THE GIRL IN THE WHITE CAPE

by Barbara Sapienza

Pub Date: July 25th, 2023
ISBN: 9781647425036
Publisher: She Writes Press

In Sapienza’s folkloric debut novel, an orphaned teenager raised by a priest is confronted by the reappearance of her Russian mother.

Fifteen-year-old Elena resides in the attic of the onion-domed Our Lady of Sorrows church in San Francisco, where her mother left her as a baby (for reasons unknown to Elena) to be raised by a kindly priest known as Father Al. Instead of attending public school, Elena receives tutoring six days a week from Baba Vera, an old, witchlike woman whose pedagogy takes the form of unending housework. “You are special,” Father Al told Elena long ago when she asked why she didn’t go to school with other kids in the neighborhood, adding, “You are meant to study with Baba until she fulfills her plan.” Elena’s only friends are her childhood doll, Kukla, and the beautiful Vasilisa, the girl’s imaginary companion.

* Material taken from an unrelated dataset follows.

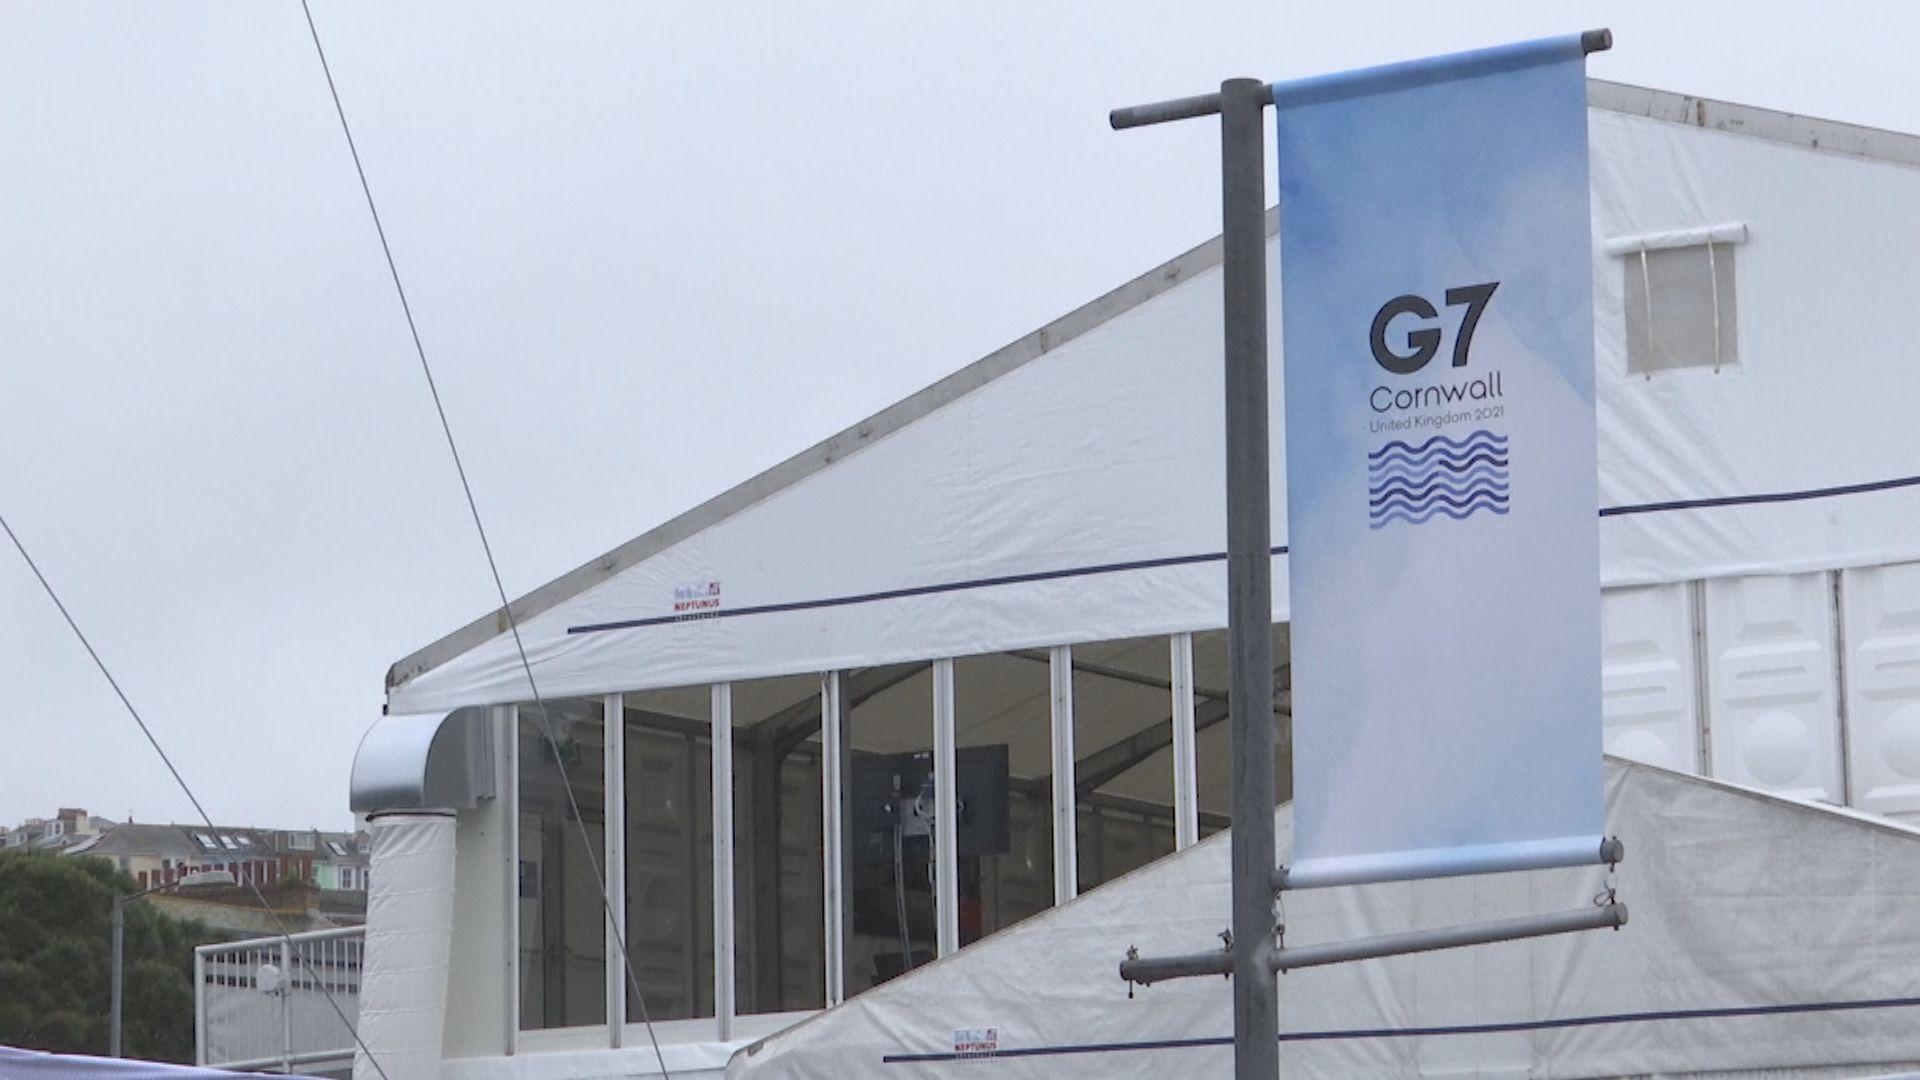 G7峰會本港時間今晚召開 與會領袖陸續抵英

Then two new people unexpectedly enter her life. One is Anya Prokioff, a Russian woman who arrives in town and claims to be Elena’s mother, though Father Al seems suspicious. The other is Frank Hudson, a friendly young taxicab driver who worries for Elena’s safety. Over the course of this novel, Sapienza’s prose has a fablelike quality; sometimes it relates gauzy scenes, and other times it tells bloody tales, as when Elena butchers a duck for Baba Vera: “She easily removes the gizzards, heart, and liver. Baba loves these parts too. Maybe they will go into a stew, but Baba has also been known to eat them raw. Elena thinks of what Baba said yesterday: ‘To cook, you must kill.’ ” Although the work is ostensibly set in the modern day, Sapienza does little to update the well-known Russian folktale at its heart. No one talks or acts in a manner that modern readers will recognize; indeed, it could easily have been set in medieval Russia with few changes. Fans of fairy tales may enjoy this offbeat retelling, but those expecting a contemporary novel may find themselves befuddled.

A dreamy, heavily stylized retelling of a very old story.